# Help with unwashable spots



## Guest (Jul 19, 2002)

I have a problem with these spots on my car. I just got it painted a few months ago which wasnt really cheap and I've washed off dried water spots before with no problem. I watered my grass a few days ago and my car also got a little shower with it. Today I was washing my car and I noticed that the spots from the sprinkler didnt come off. I washed it a second time and the spots still didnt come off. These spots are also on my window and also cannot be washed off. I tried to spray soap and water on the spots on the windows and the paint and it will not come off. I tried waxing the paint and the spots will not come off. I dont know why the spots will not come off since I have always washed my car with the outside water and the sprinklers use the outside water. I hate these damn spots. Has anybody had a problem with these spots? Anybody know a good way to get rid of these spots? I would be really appreciative if anybody could give me some info on any product or technique to get rid of these spots.


----------



## barnoun (May 7, 2002)

I've heard clay bars are good for that kind of thing. I don't have first hand experience though as I don't take care of my paint anymore.


----------



## nitestridar (Jun 29, 2002)

what color is the car and what color are the spots?


----------



## Black200SXSER (Apr 30, 2002)

Clay bar will fix it...then polish, and then wax


----------



## BORNGEARHEAD (Apr 30, 2002)

Ya know, about a month after I bought my 97 200sx Se-r new, I noticed something on my car that I thought was pop. It was on the roof, down the back window and down the trunk. I took it into work and washed it and could not get it off. I looked closer at it and noticed my paint was bubbling off. Well I found out that somebody was hating on me and poured brake fluid on my car. It ate up the paint. Fortunately I took it back to the dealer and bitched and they got me another car.

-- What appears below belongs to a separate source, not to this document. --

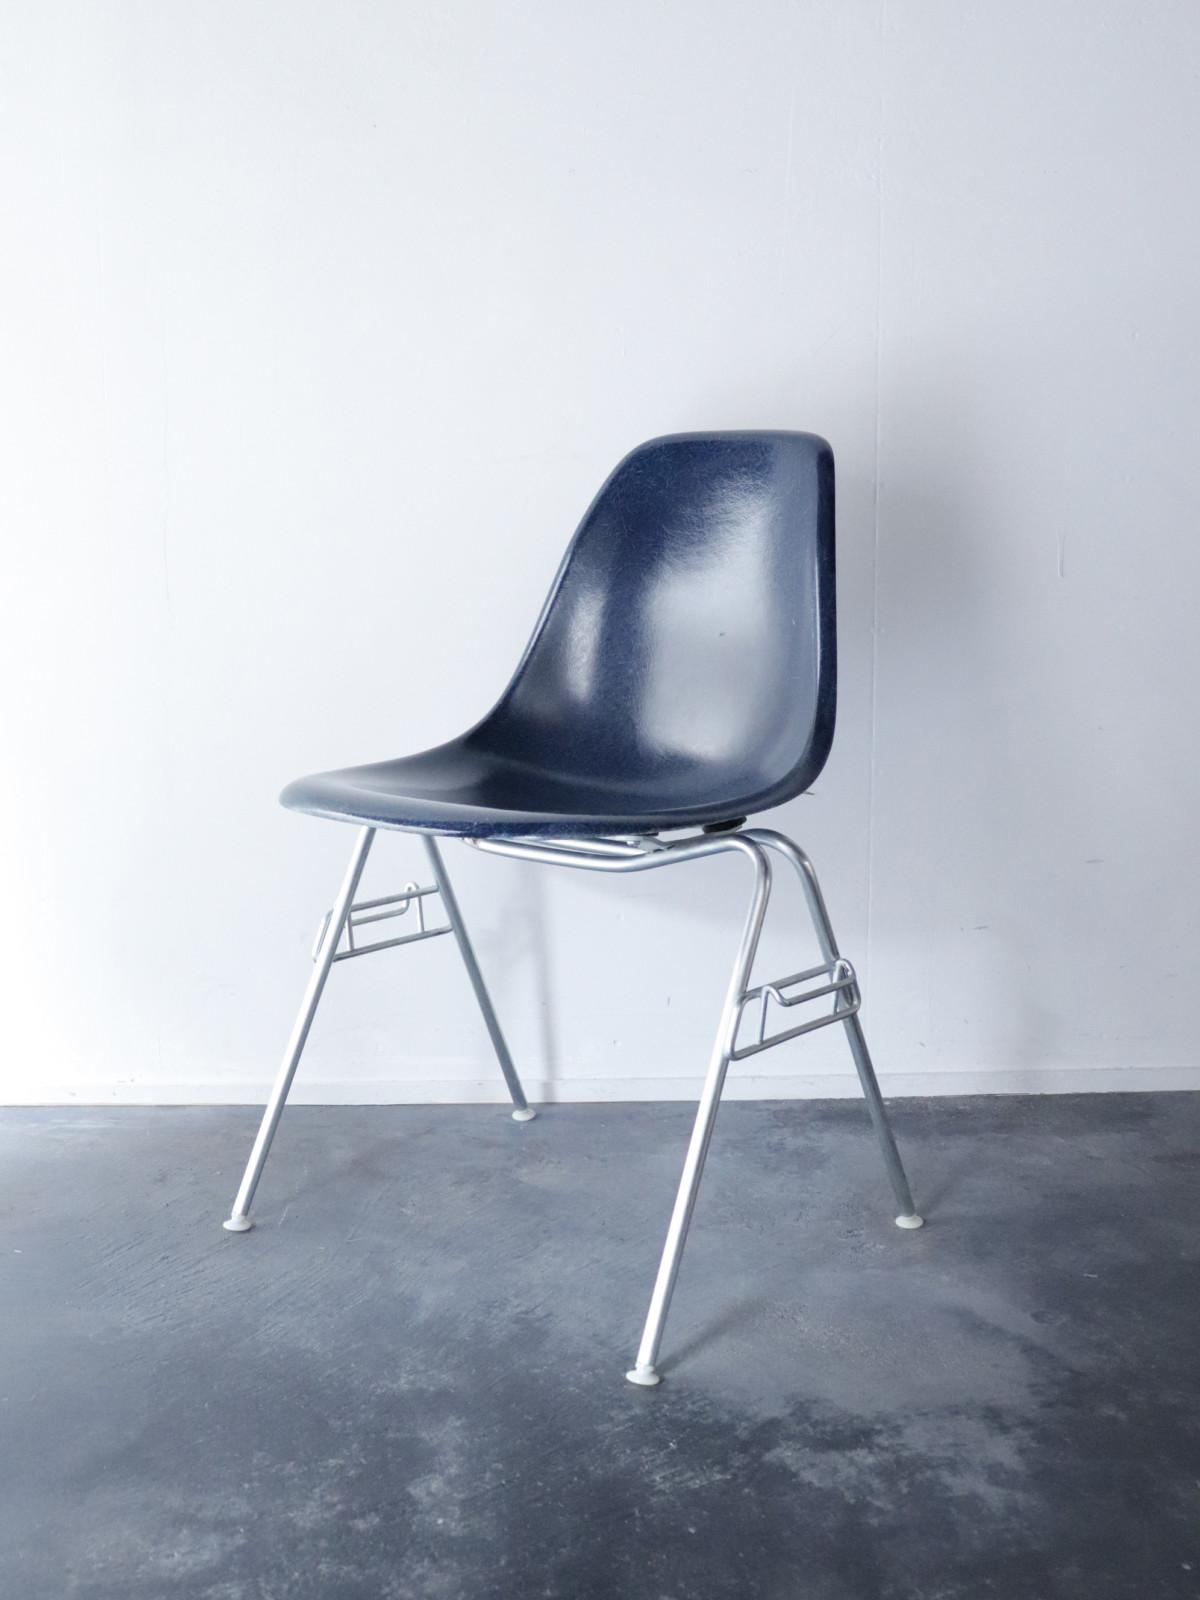 1960's, Eames, Herman Miller, chair

I don't know if this could be the same sort of thing but thought I would mention it.


----------



## Black200SXSER (Apr 30, 2002)

They are baked on hard water spots...clay bar, clay bar, clay bar.Meguires has one for around $9 bucks


----------



## Guest (Jul 21, 2002)

*autopia.com*

any and all of your ?'s can be aswered there....


----------



## Black200SXSER (Apr 30, 2002)

Dental office integration...? yeah.ummm.answered all of mine.....;g


----------



## Guest (Jul 23, 2002)

I was able to get the spots off my windows with a razorblade and will look into getting a clay bar. I hope they have one at murrays or something cause I've never even heard of Meguires. I dont know, maybe they dont have them up here in Michigan. Thanks everyone.


----------